YOUR OBJECTIVE: Only the lines from the one containing "small tourist on" to the end of the data should be copied, exactly and without pictures.

GIVEN MATERIAL:
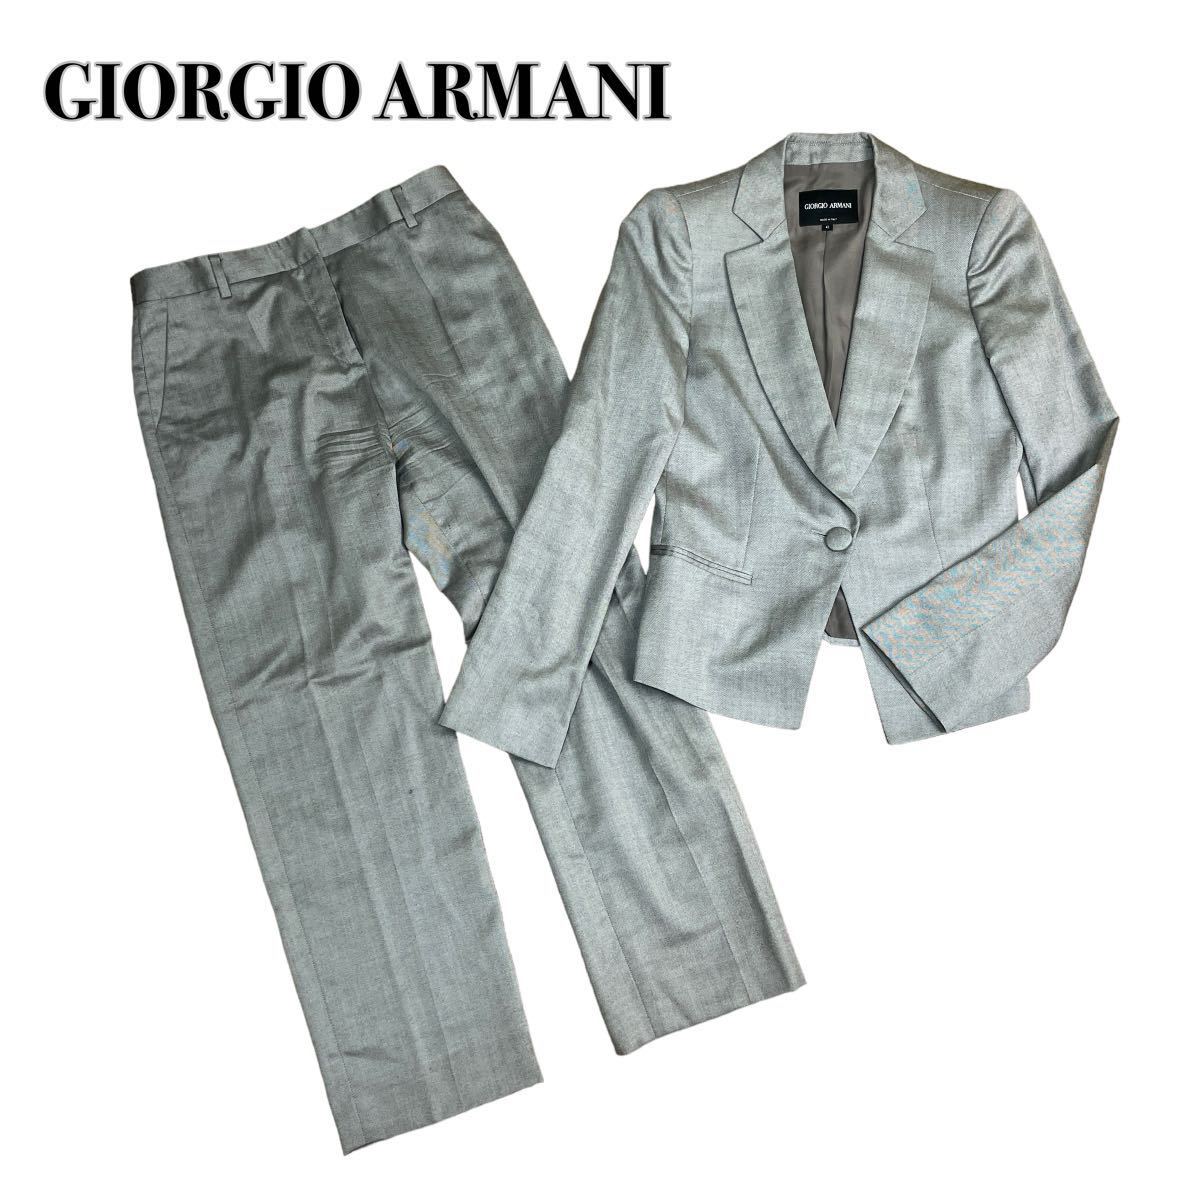 激安店舗 GIORGIO ARMANI ジョルジオアルマーニ セットアップ パンツ
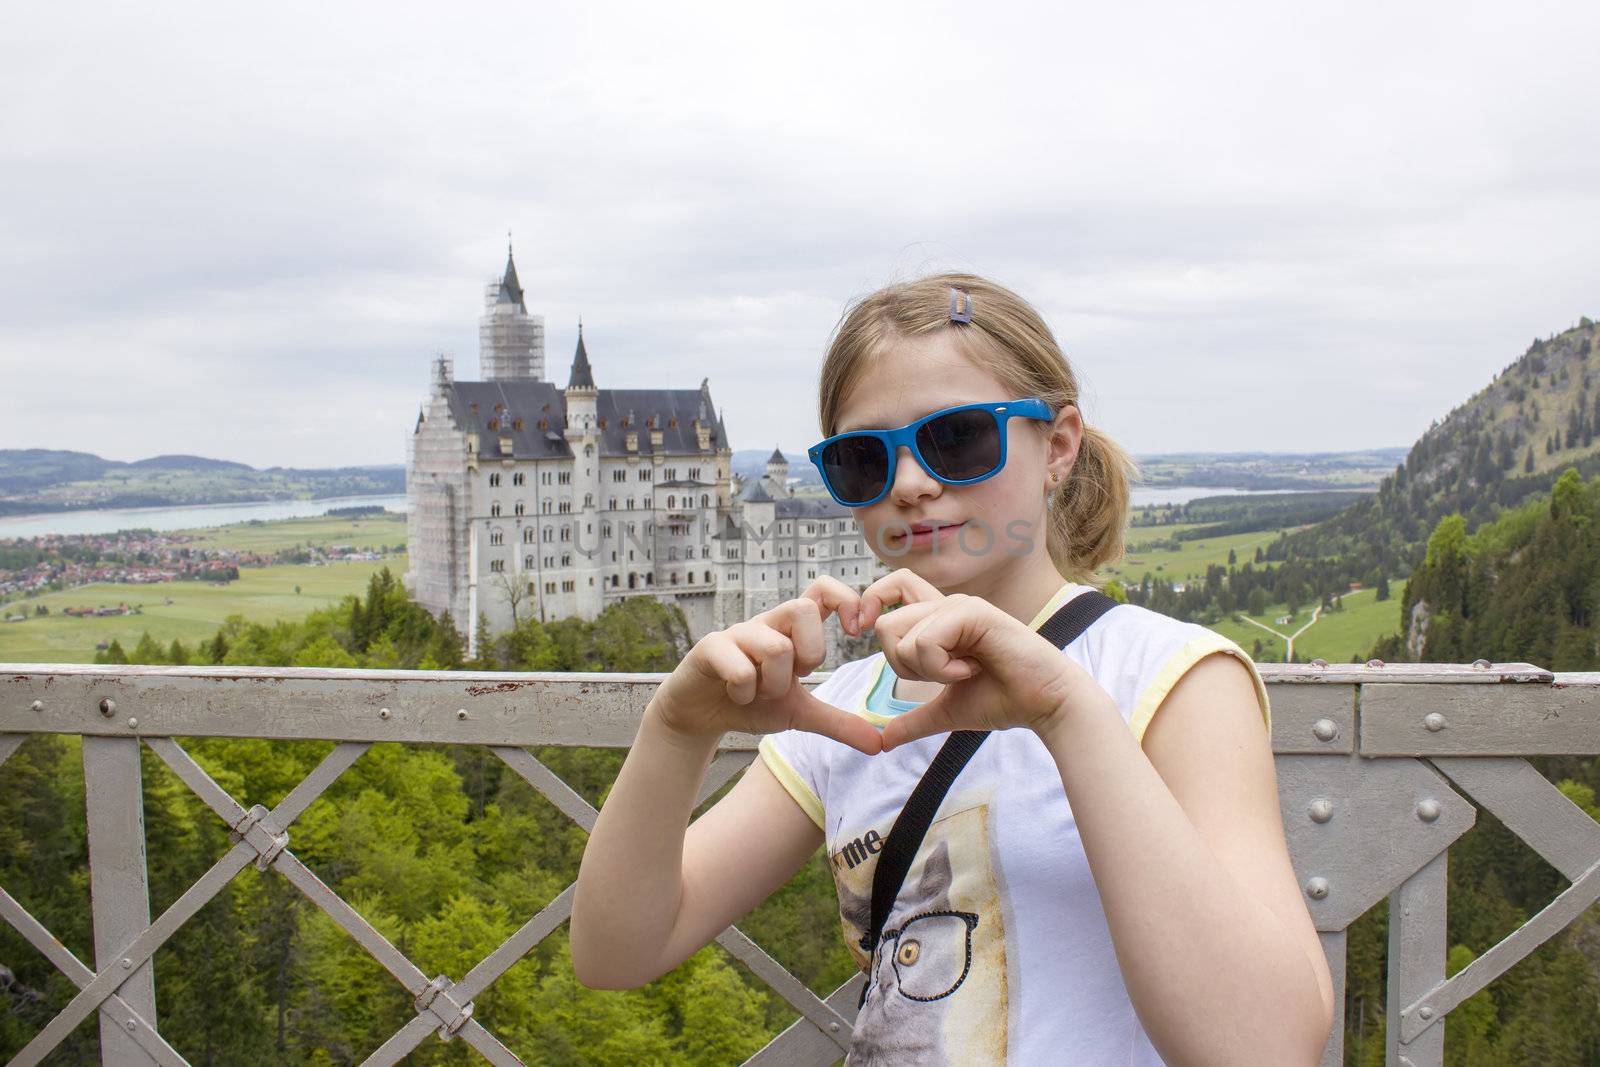 small tourist on the bridge, the view of Neuschwanstein Castle by miradrozdowski
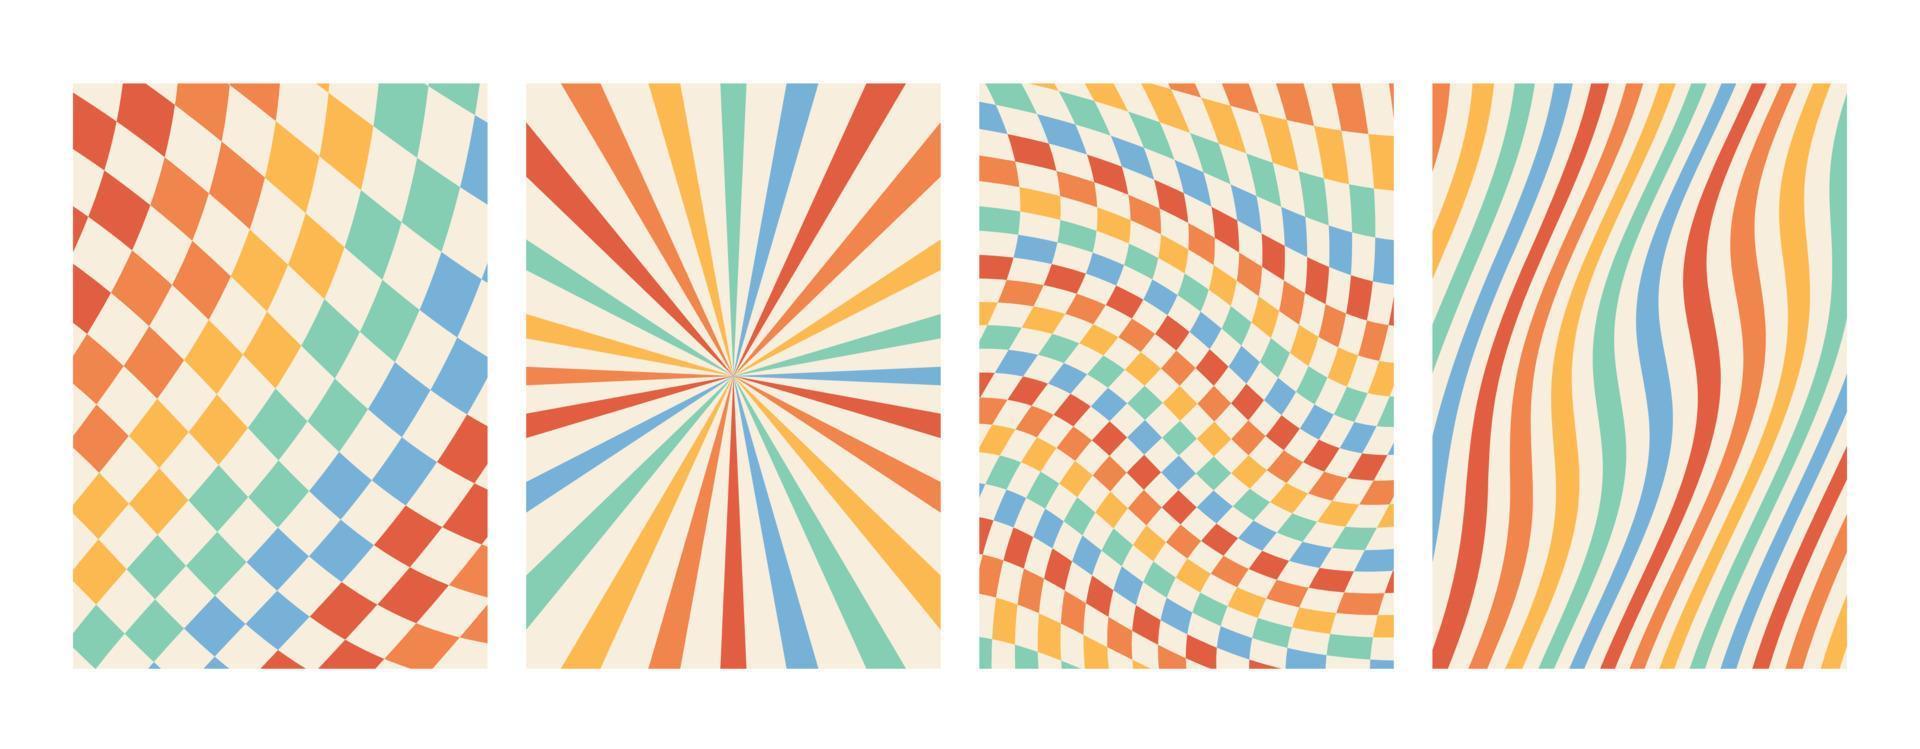 groovy regenboog achtergronden. schaakbord, rooster, golven, wervelen, ronddraaien patroon.. gedraaid en vervormd vector structuur in een modieus retro psychedelisch stijl. de esthetiek van de hippies van de jaren 70.
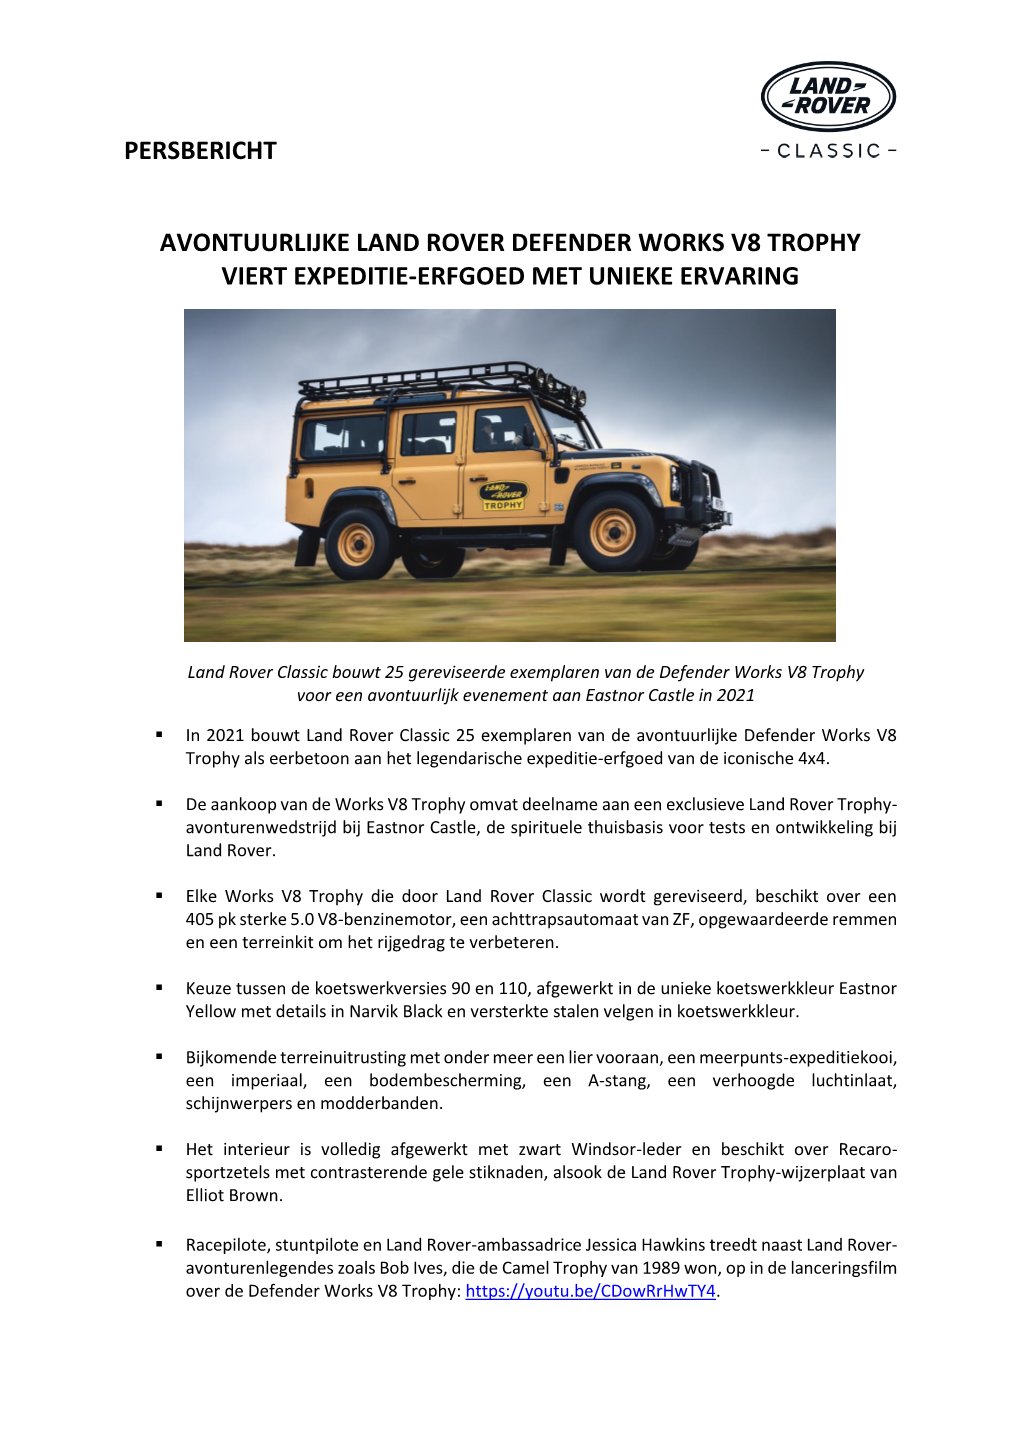 Persbericht Avontuurlijke Land Rover Defender

SOLUTION BELOW:
 small tourist on the bridge, the view of Neuschwanstein Castle by miradrozdowski
 groovy regenboog achtergronden. schaakbord, rooster, golven, wervelen, ronddraaien patroon.. gedraaid en vervormd vector structuur in een modieus retro psychedelisch stijl. de esthetiek van de hippies van de jaren 70.
 Persbericht Avontuurlijke Land Rover Defender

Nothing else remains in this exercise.